Department of Chemical, Materials and Industrial Production Engineering, University of Naples Federico II, Piazzale Tecchio 80, 80125 Naples, Italy.
Contributed equally


We performed an integrated analysis of drug chemical structures and drug-induced transcriptional responses. We demonstrated that a network representing three-dimensional structural similarities among 5452 compounds can be used to automatically group together drugs with similar scaffolds, physicochemical parameters and mode-of-action. We compared the structural network to a network representing transcriptional similarities among a subset of 1309 drugs for which transcriptional response were available in the Connectivity Map data set. Analysis of structurally similar, but transcriptionally different drugs sharing the same MOA enabled us to detect and remove weak and noisy transcriptional responses, greatly enhancing the reliability of transcription-based approaches to drug discovery and drug repositioning. Cardiac glycosides exhibited the strongest transcriptional responses with a significant induction of pathways related to epigenetic regulation, which suggests an epigenetic mechanism of action for these drugs. Drug classes with the weakest transcriptional responses tended to induce expression of cytochrome P450 enzymes, hinting at drug-induced drug resistance.
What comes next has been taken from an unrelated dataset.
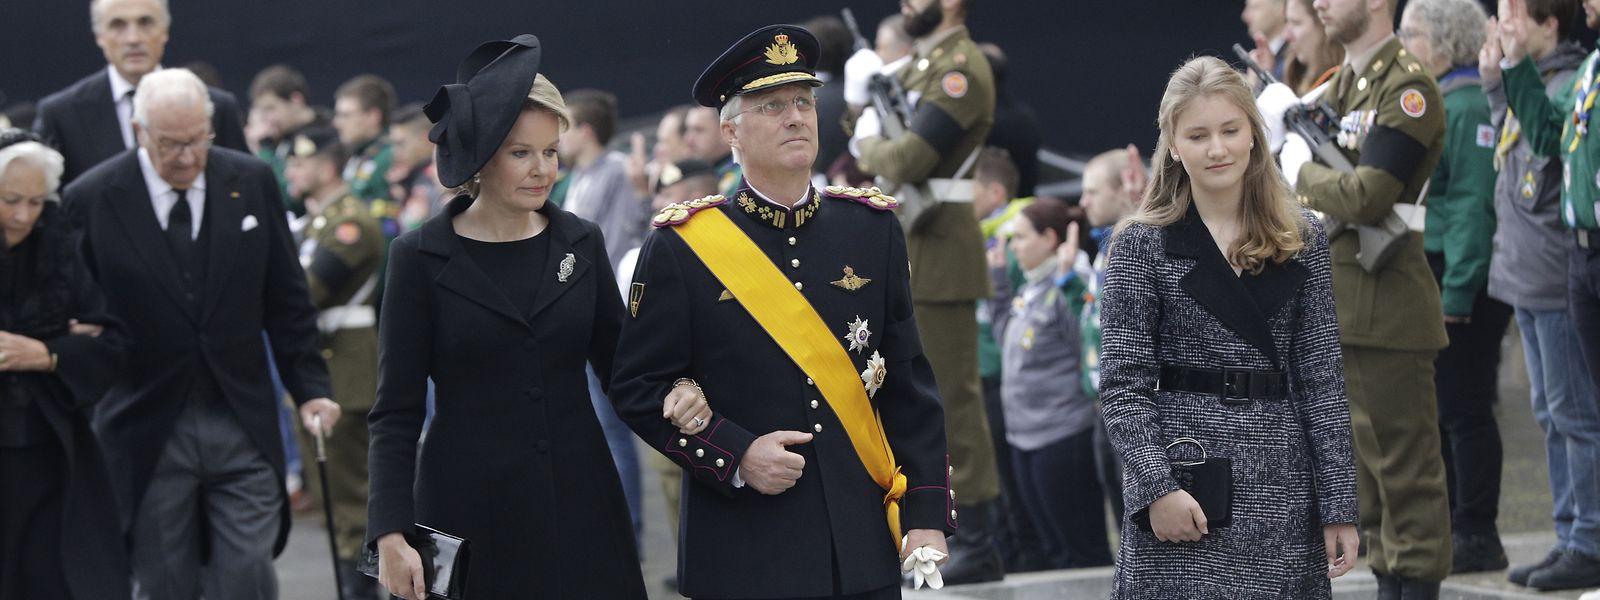 König Philippe von Belgien kam in Begleitung von Gattin Mathilde und Tochter Elisabeth.

Analysis of transcriptionally similar, but structurally different drugs with unrelated MOA, led us to the identification of a 'toxic' transcriptional signature indicative of lysosomal stress (lysosomotropism) and lipid accumulation (phospholipidosis) partially masking the target-specific transcriptional effects of these drugs. We found that this transcriptional signature is shared by 258 compounds and it is associated to the activation of the transcription factor TFEB, a master regulator of lysosomal biogenesis and autophagy. Finally, we built a predictive Random Forest model of these 258 compounds based on 128 physicochemical parameters, which should help in the early identification of potentially toxic drug candidates.